◆ Goal of the exercise ◆
Repeat the data exactly. Pictures are not part of the copy.

◆ Provided data ◆

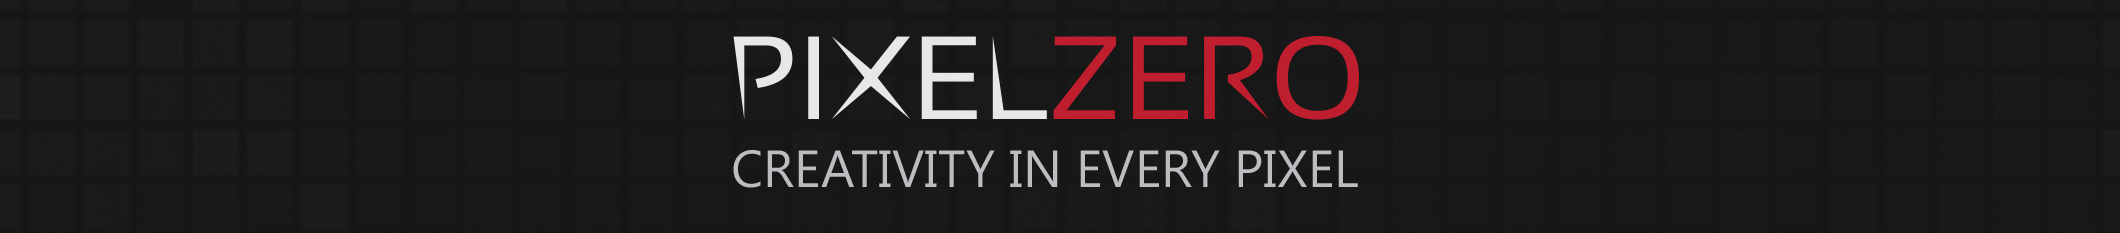 Pixel Zero profil başlığı
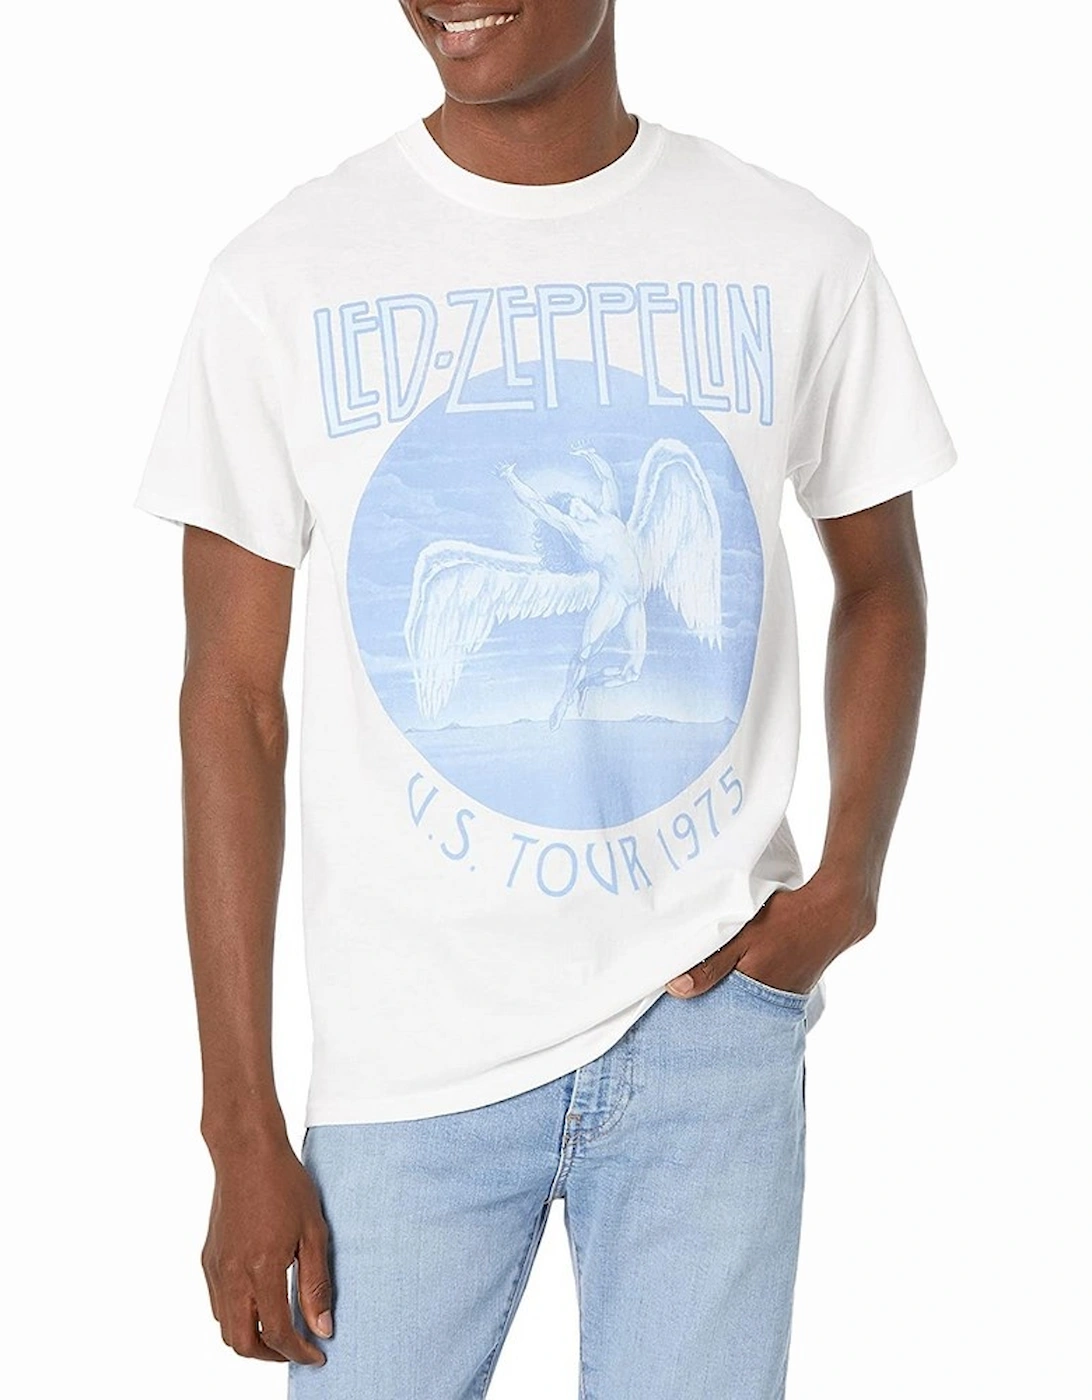 Unisex Adult Tour ?'75 T-Shirt
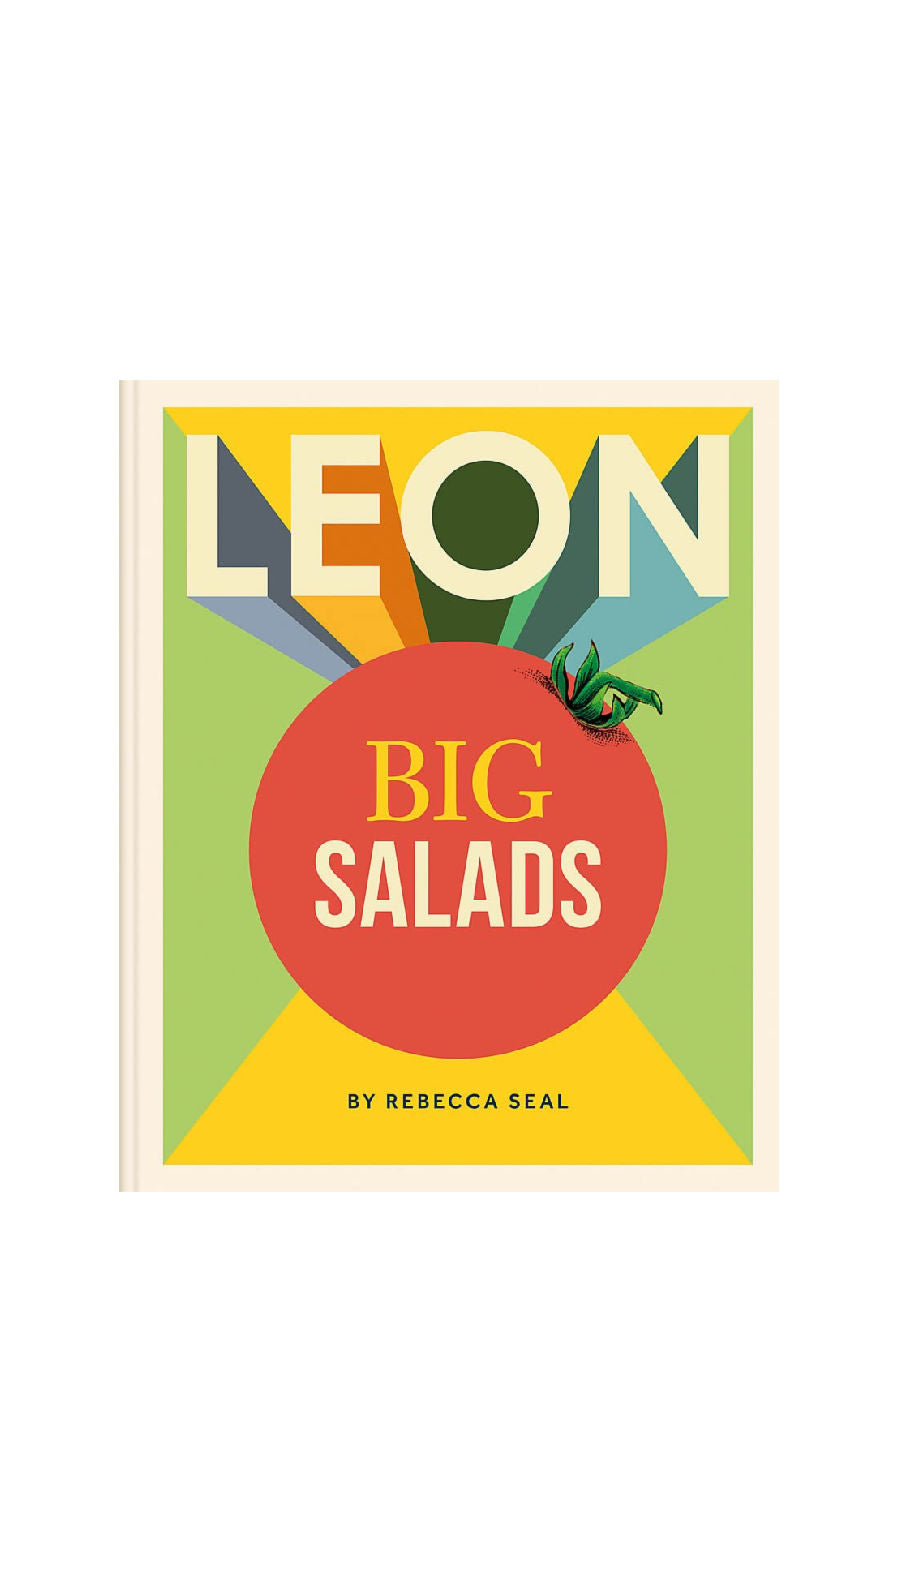 Leon Big Salads / REBECCA SEAL

◆ Solution to the problem ◆
 Pixel Zero profil başlığı
 Unisex Adult Tour ?'75 T-Shirt
 Leon Big Salads / REBECCA SEAL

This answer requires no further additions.